4 Cheap Stocks That Will Benefit From Rising Interest Rates
The constant question on Wall Street and Main Street is when will the Federal Reserve start raising interest rates. Slow first-quarter, and most likely second-quarter, gross domestic product growth has some saying not until next year. Others say September, and a third group says December. Regardless of when it actually does occur, some industries and stocks are poised to benefit from higher interest rates.
A new report from top-notch Merrill Lynch strategist Savita Subramanian and her team points to segments that are inexpensive and are beneficiaries of rising interest rates. We cross-referenced those industries with the Merrill Lynch research coverage universe and found four top stocks to buy now.

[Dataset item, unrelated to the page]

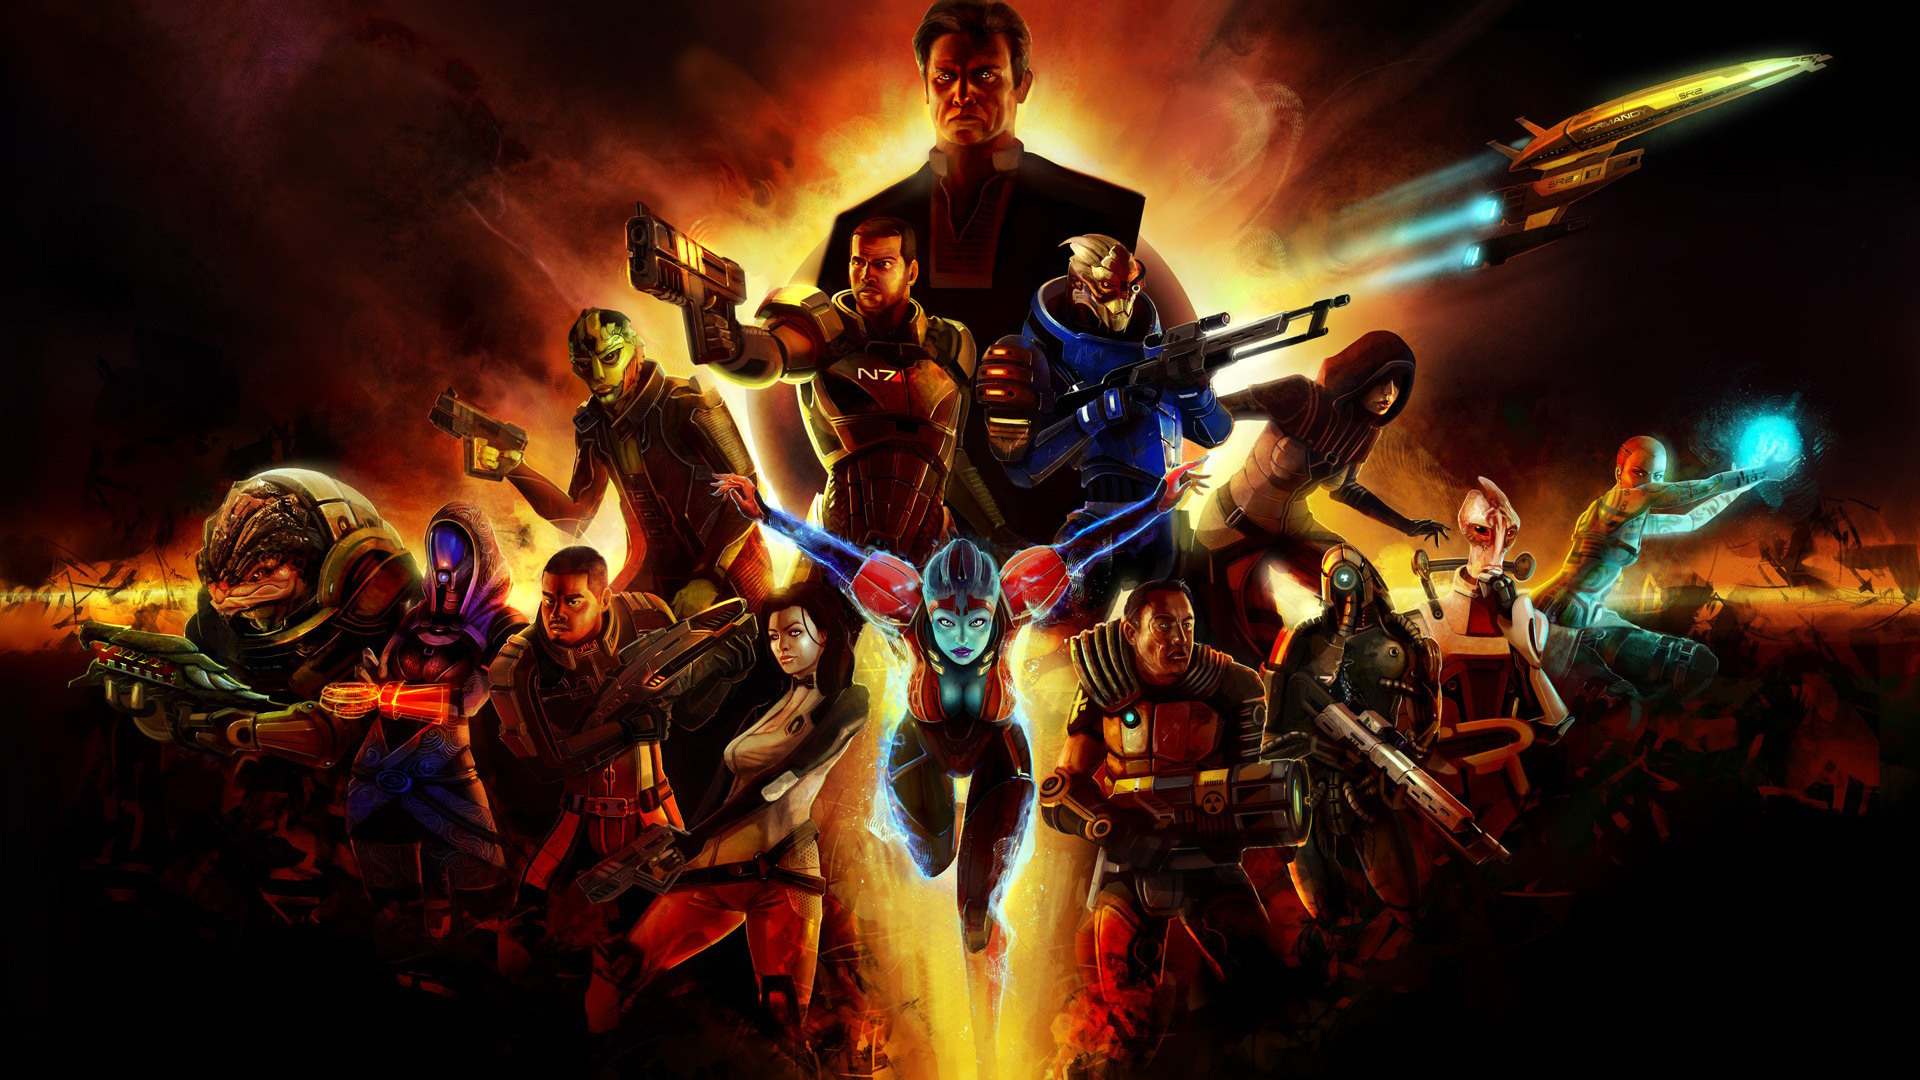 Mass Effect 2 wallpaper 5

This company is in the automobile industry and looks very inexpensive at current levels. Despite all the recall troubles, hedge funds and mutual funds are continuing to stick with General Motors Co. (NYSE: GM), as many view the stock as very undervalued. GM trades just below 8 times estimated 2015 forward earnings. Like Ford, GM has benefited from incredible sales in China to boost revenue. GM invested heavily in China decades ago and grabbed a big chunk of what is now the world’s largest auto market.

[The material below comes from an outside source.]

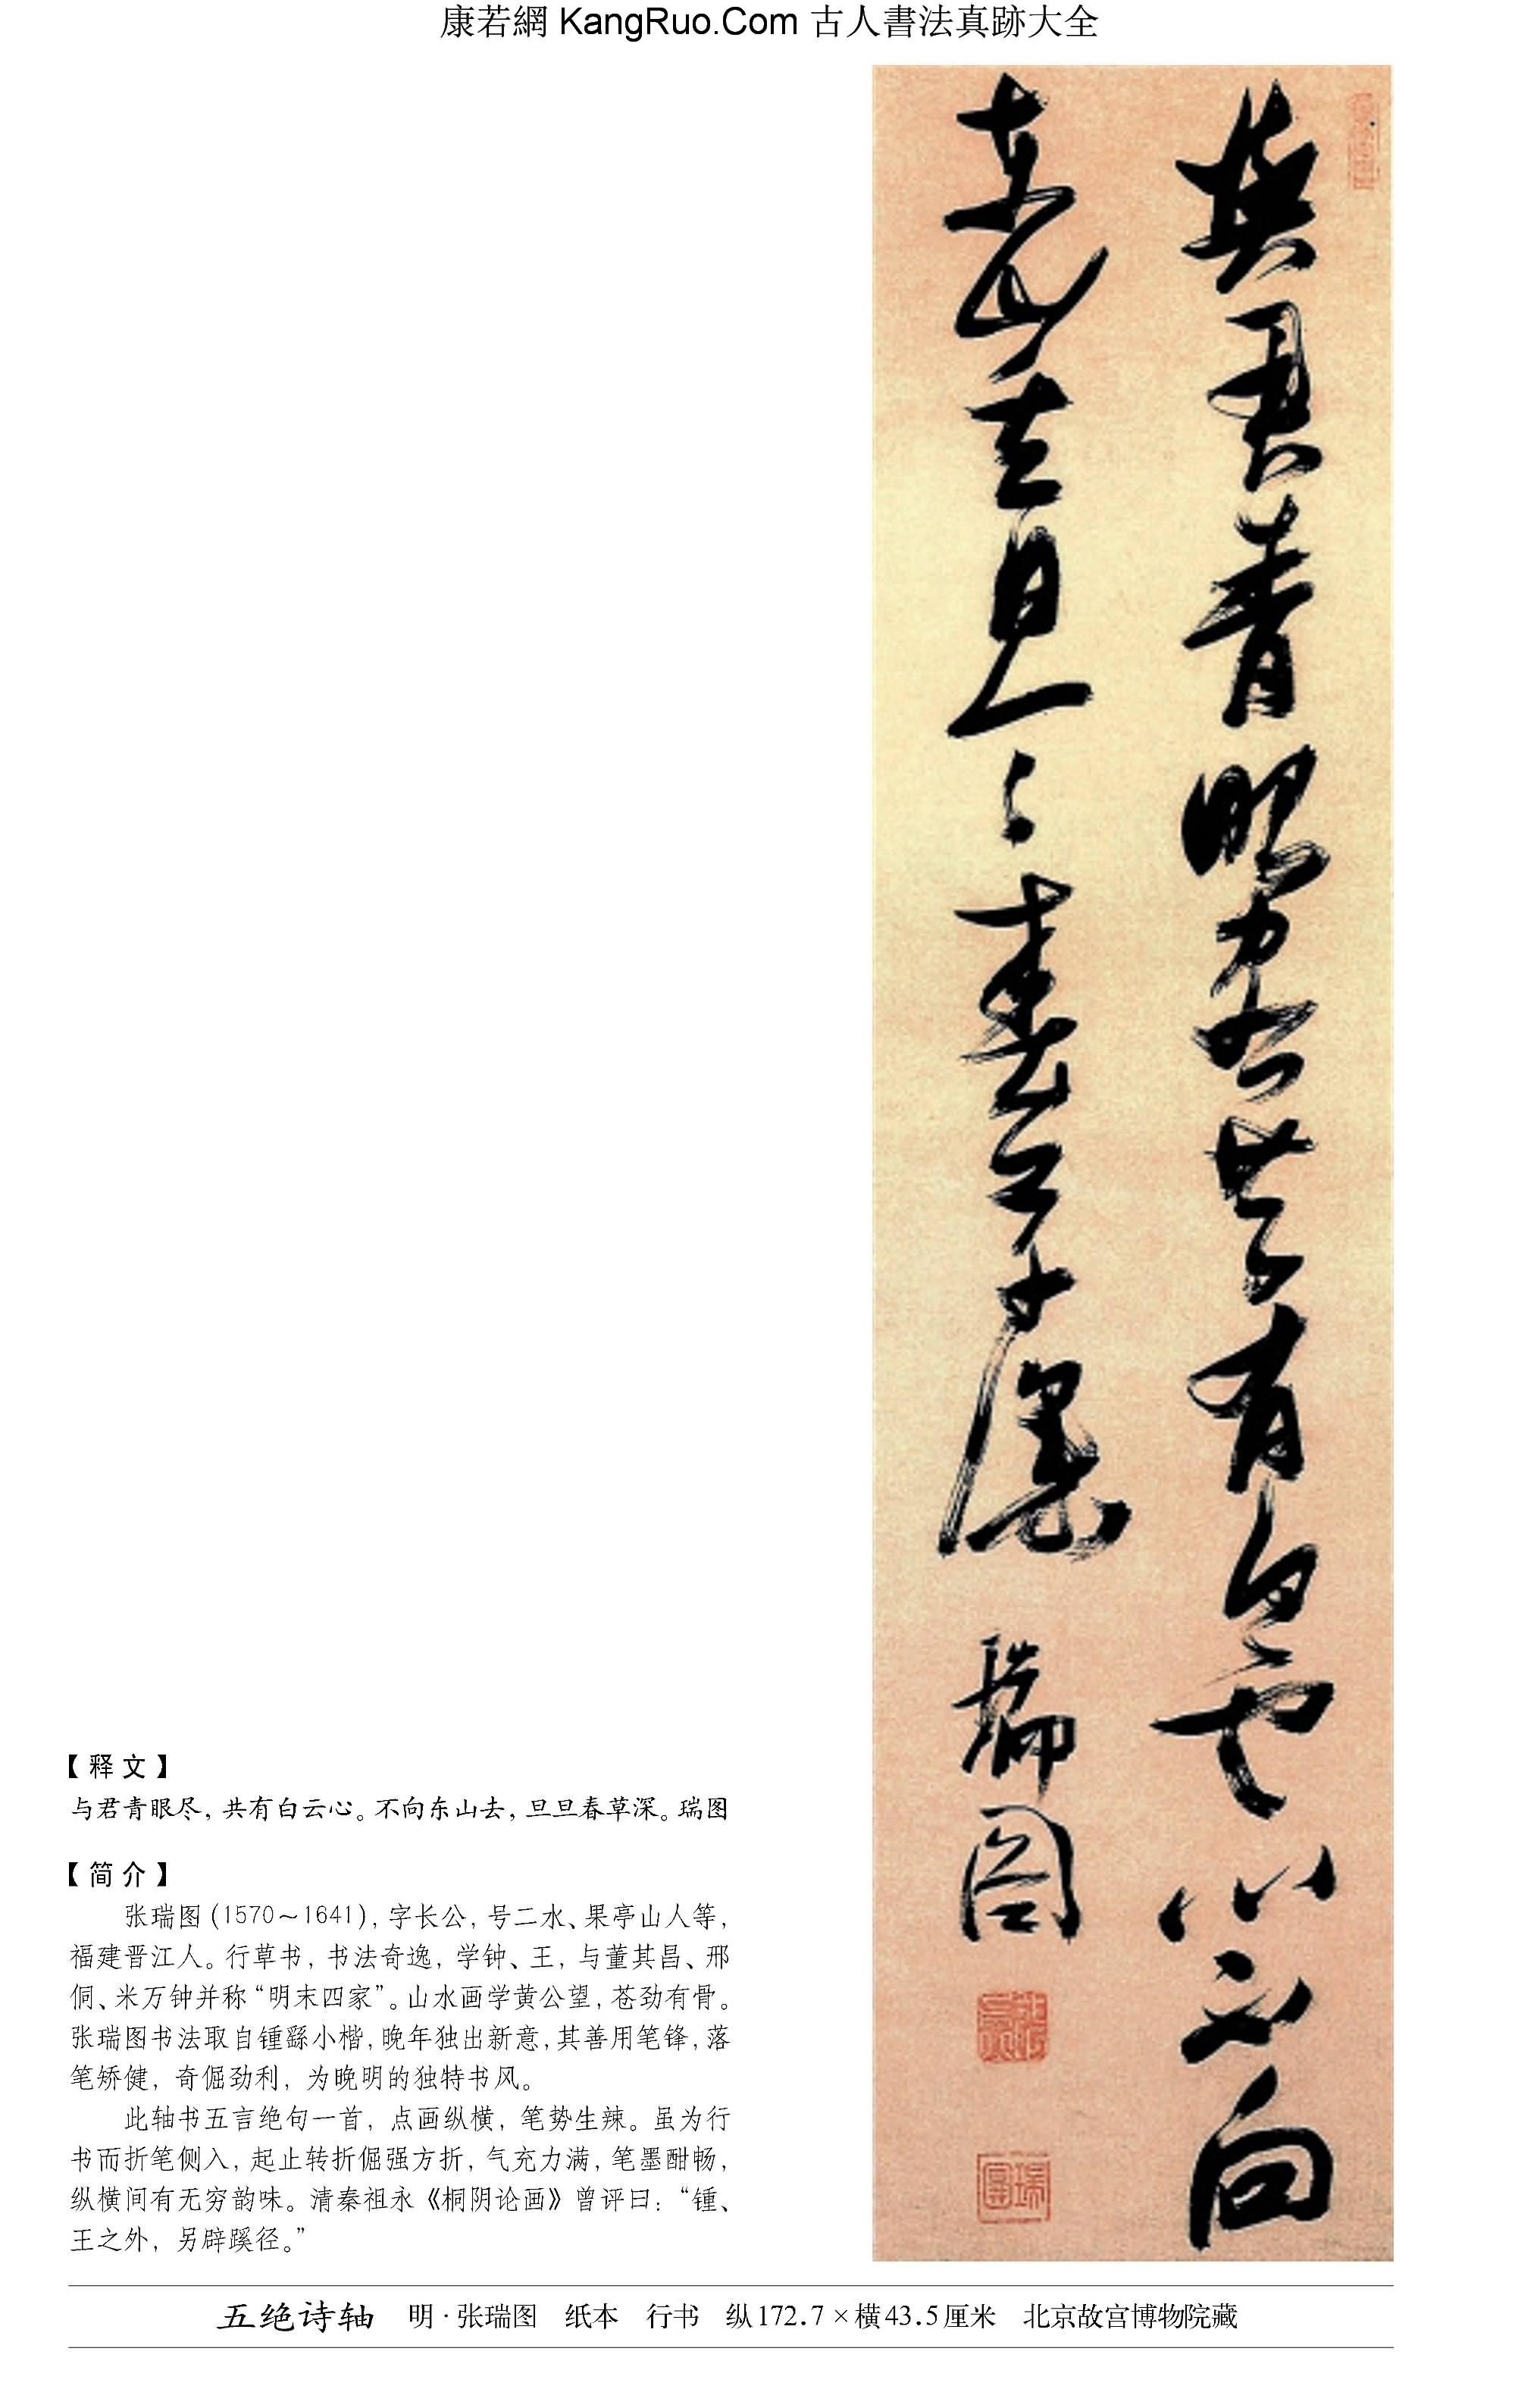 《五絕詩軸》書法真跡(行書)【明朝·張瑞圖】_00202

With the company facing possible criminal charges over ignition switches, there will continue to be a headline risk cloud over the stock. Long-term, patient investors that can look beyond current issues may stand to make outstanding money on the auto giant.
GM investors are paid an outstanding 4.1% dividend. The Merrill Lynch price target for the stock is $51. The Thomson/First Call consensus price target is much lower at $41.80. Shares closed Friday at $35.70.